Perception is a fundamental function because it allows organisms to be in contact with the environment and adjust to environmental conditions. Humans also possess higher intellectual functions, which allow for elaborate handling of perceptually obtained information. The thesis concerns a distinction between an inferential ("cognitive") mode and a (direct-)perceptual mode of apprehension, and a notion of perceptual skill acquisition as a transition from the inferential to the perceptual mode. The mode distinction and the mode-transition model was formulated by Runeson, Juslin, and Olsson (2000) within the ecological direct-perception framework (Gibson, 1966, 1979).
The modes of apprehension were investigated in an experimental paradigm that concerned visual perception of the relative mass of two colliding objects.
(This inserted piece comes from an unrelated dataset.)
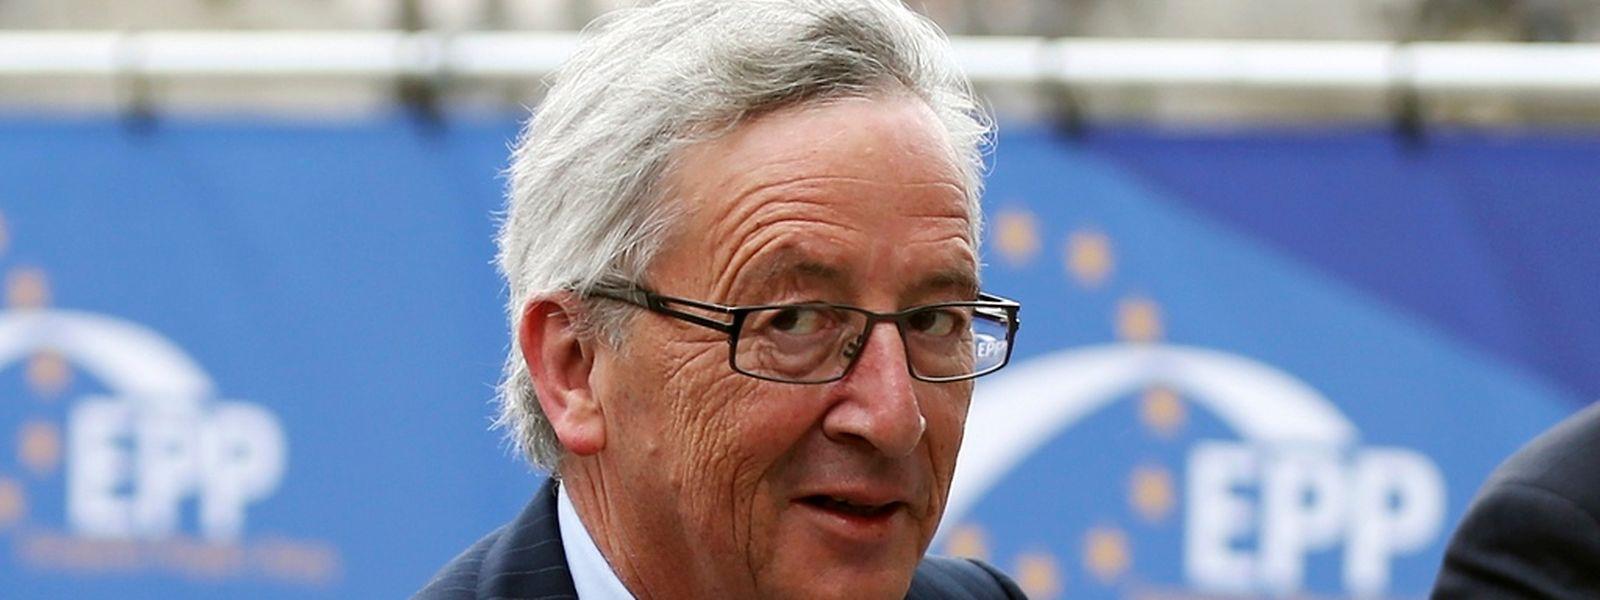 Jean-Claude Juncker à Bruxelles, mardi 27 mai

The relative mass is specified by an optical variable in the collision movement pattern, which observers may pick up while functioning in the perceptual mode. However, novices often rely on other, nonspecifying, optical variables that may constitute cues that are used in the inferential mode (Runeson et al., 2000).
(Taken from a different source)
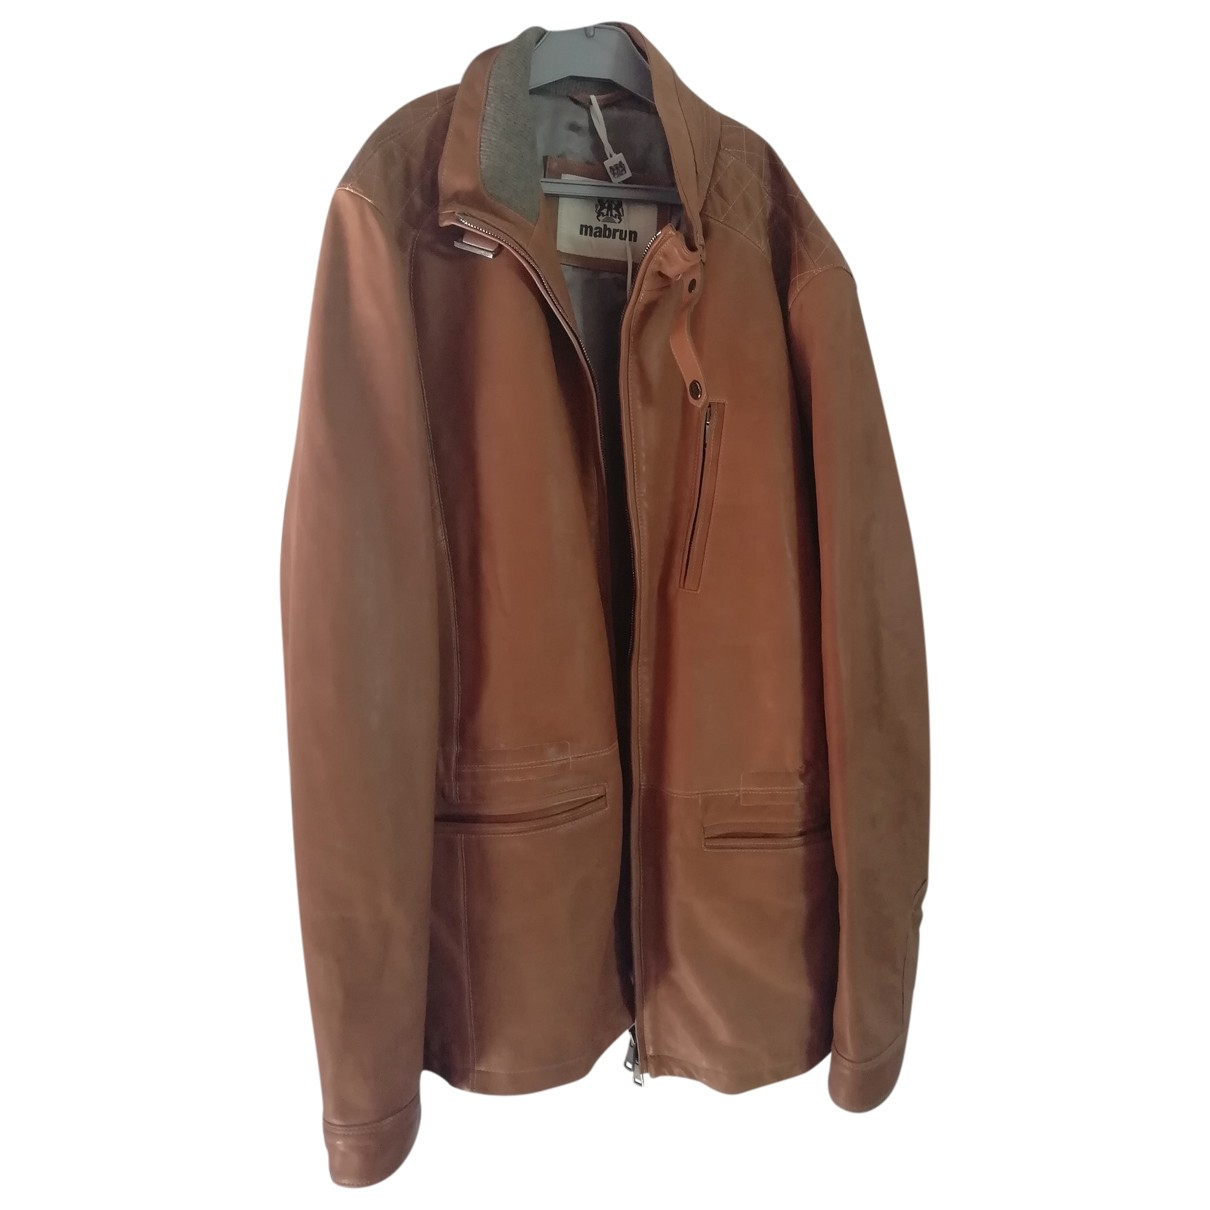 Mabrun - Manteau   pour homme - marron

Four tentative mode indicators were employed: participants' realism of confidence, introspective mode reports, amplitudes of brain event-related potentials, and response times. Generally, the results did not support the mode-transition model of skill acquisition. Furthermore, results suggested that reliance both on the specifying and nonspecifying variables might have occurred either in the inferential or in the perceptual mode. However, the mode indicators may not have captured mode as intended. For instance, the discriminability of used optical variables, and not the mode of apprehension, may have affected both amplitudes of event-related potentials and mode reports.
It is argued that the mode-transition model and the distinction between two modes of apprehension should be further investigated employing other methodologies, and, furthermore, that the mode distinction has a place within an ecological framework.